### Provided material
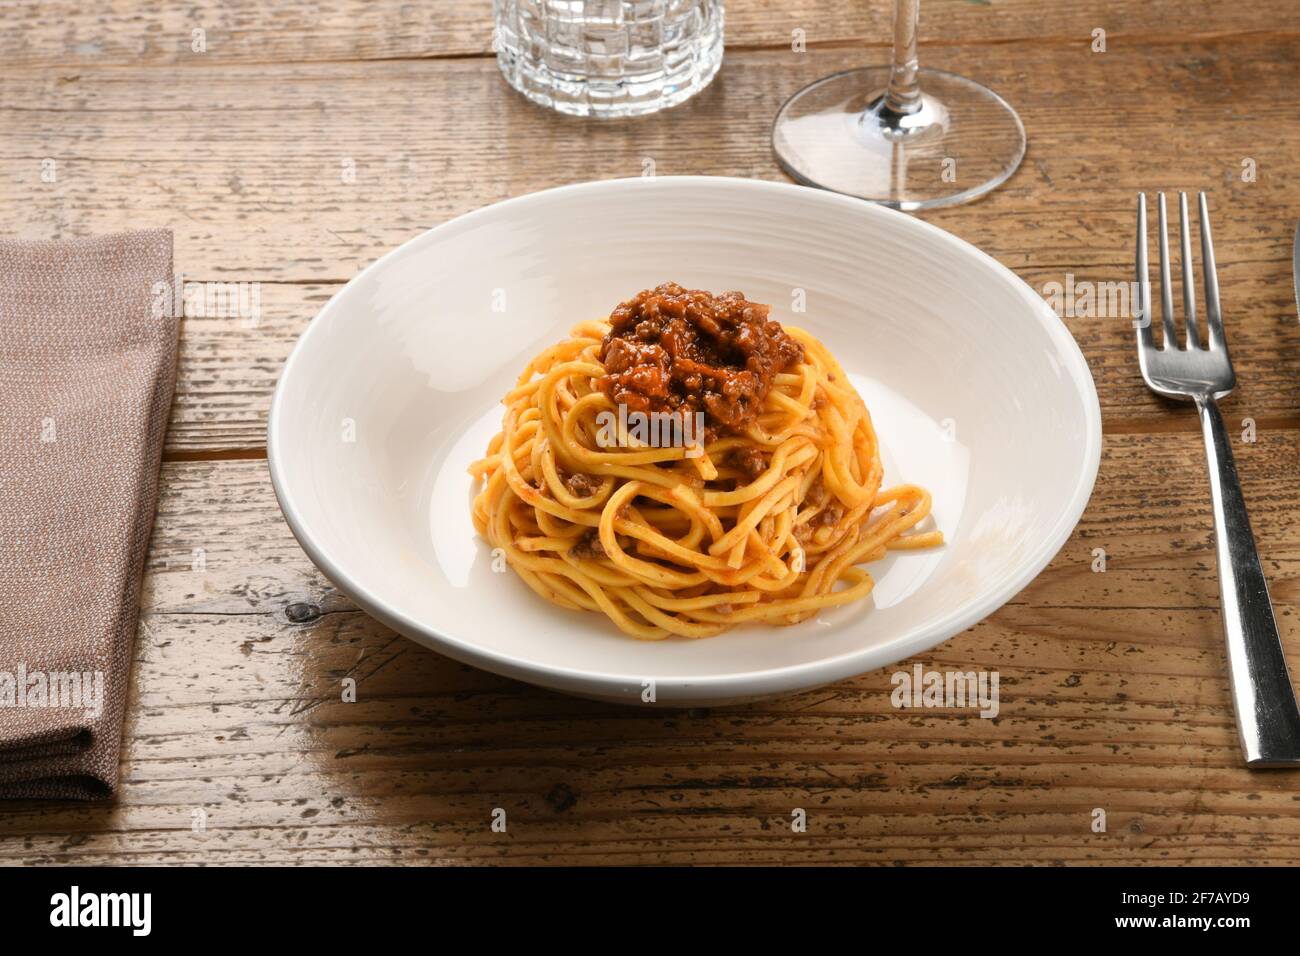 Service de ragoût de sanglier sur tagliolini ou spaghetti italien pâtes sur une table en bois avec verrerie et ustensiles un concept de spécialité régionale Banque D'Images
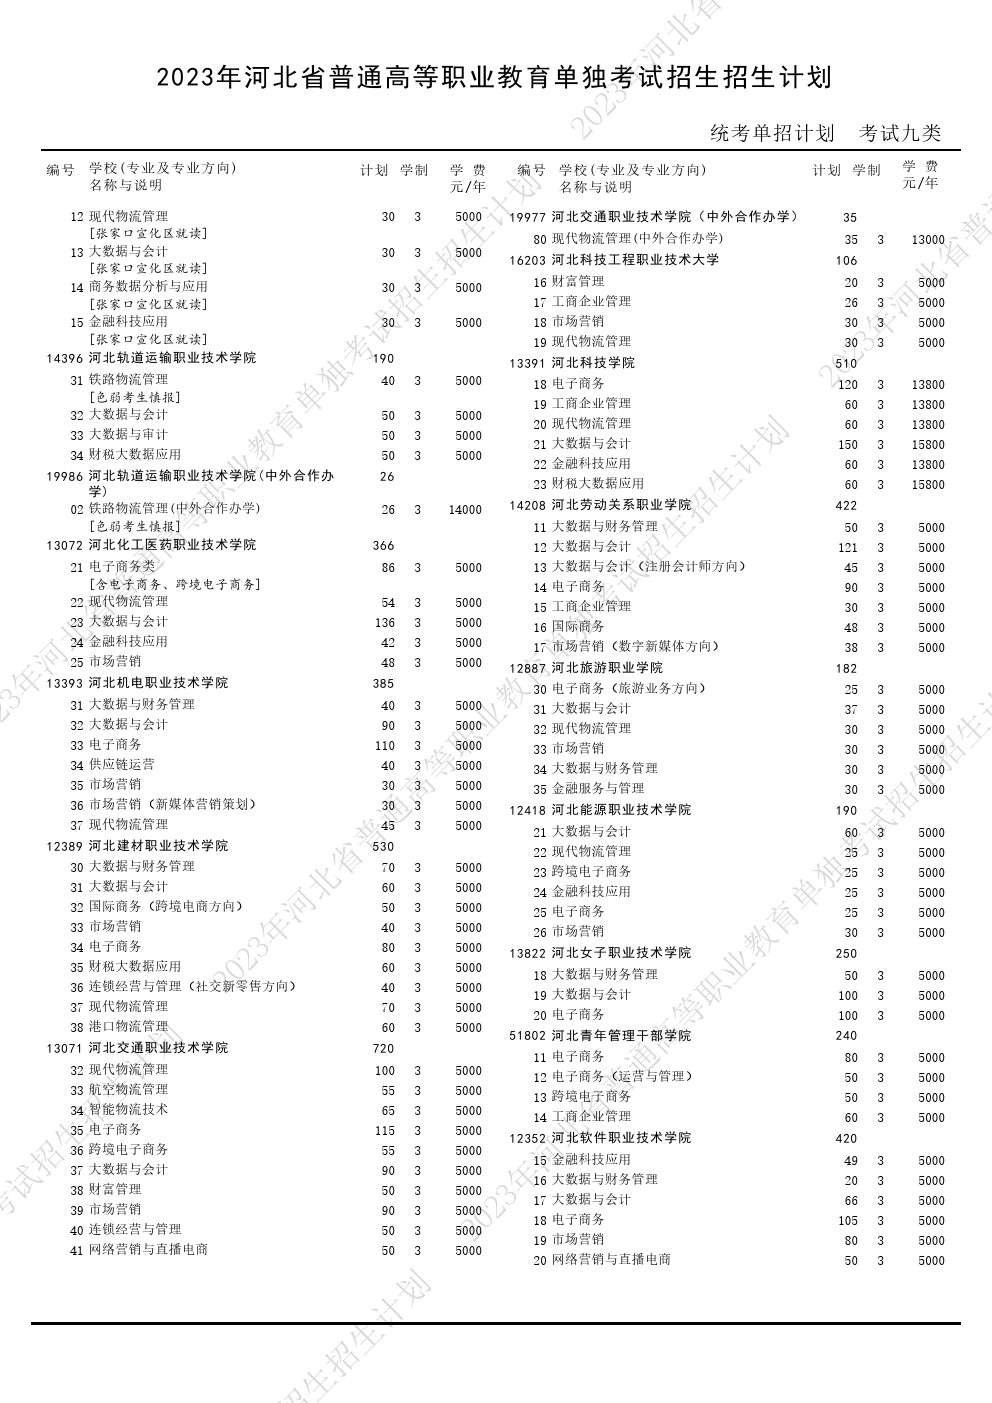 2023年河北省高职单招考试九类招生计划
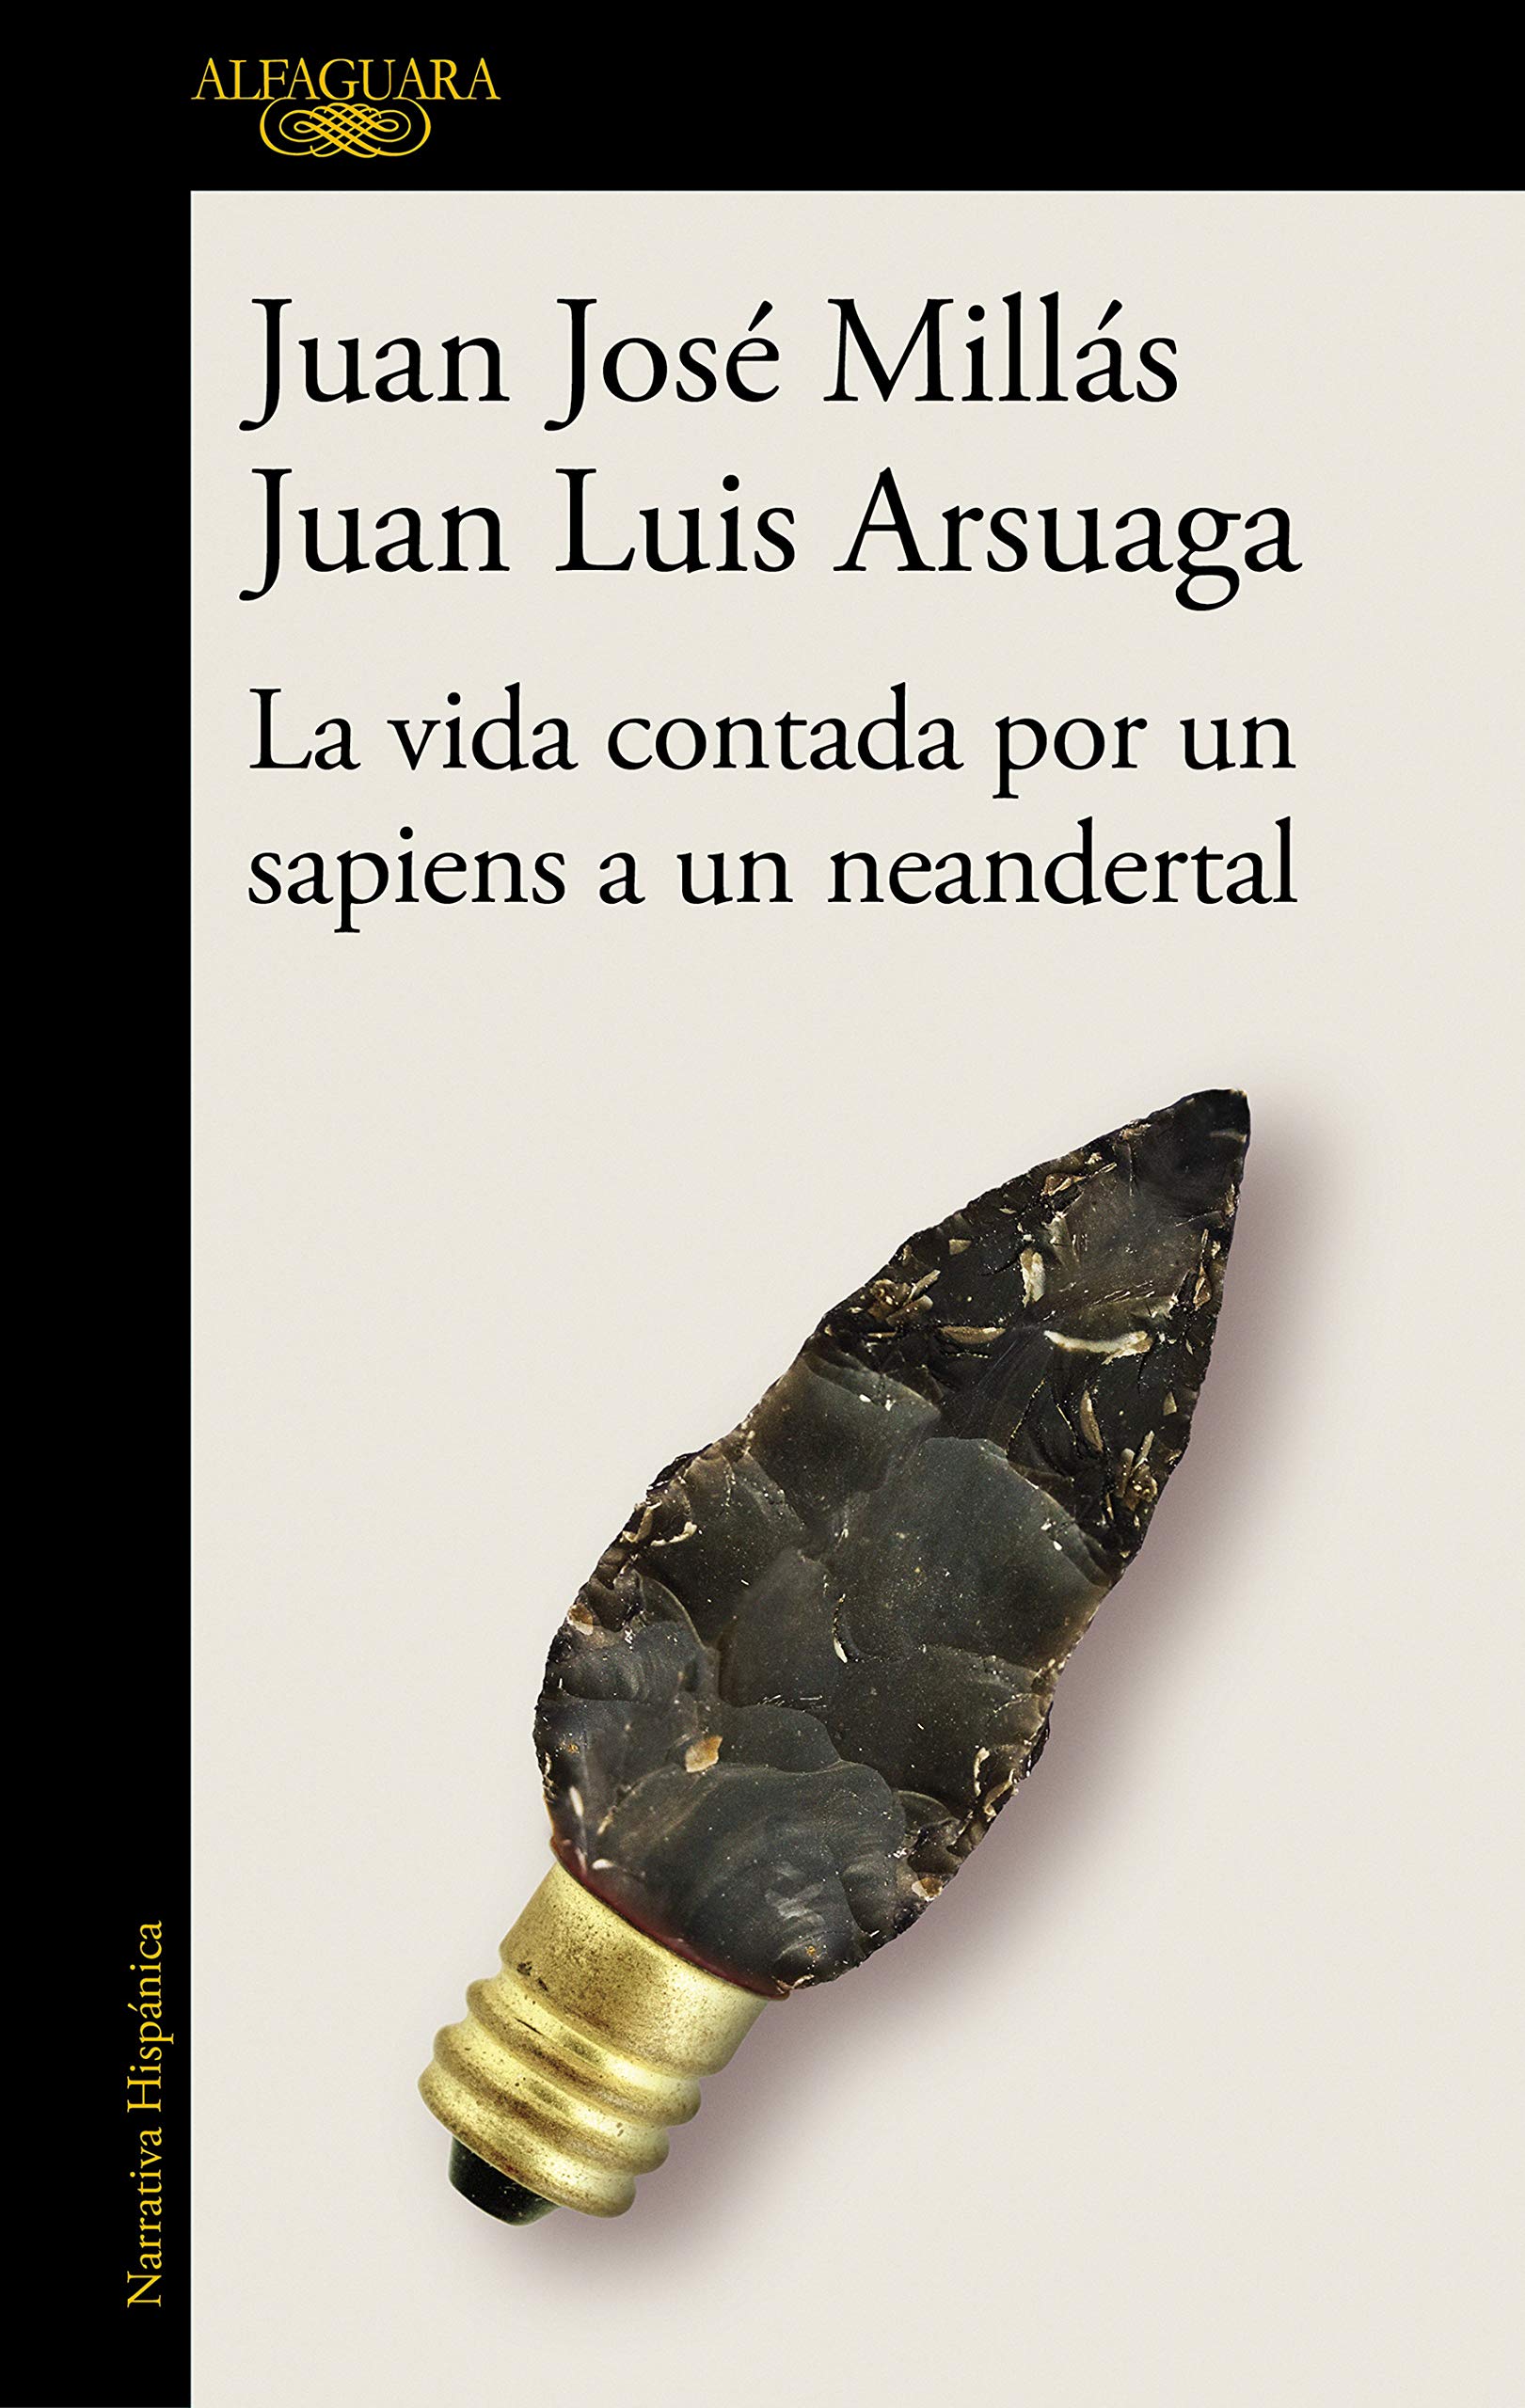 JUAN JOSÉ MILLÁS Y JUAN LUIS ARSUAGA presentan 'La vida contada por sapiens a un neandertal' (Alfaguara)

### What is being asked
For this exercise, retype the data above exactly and skip every image.

### Task result
 Service de ragoût de sanglier sur tagliolini ou spaghetti italien pâtes sur une table en bois avec verrerie et ustensiles un concept de spécialité régionale Banque D'Images
 2023年河北省高职单招考试九类招生计划
 JUAN JOSÉ MILLÁS Y JUAN LUIS ARSUAGA presentan 'La vida contada por sapiens a un neandertal' (Alfaguara)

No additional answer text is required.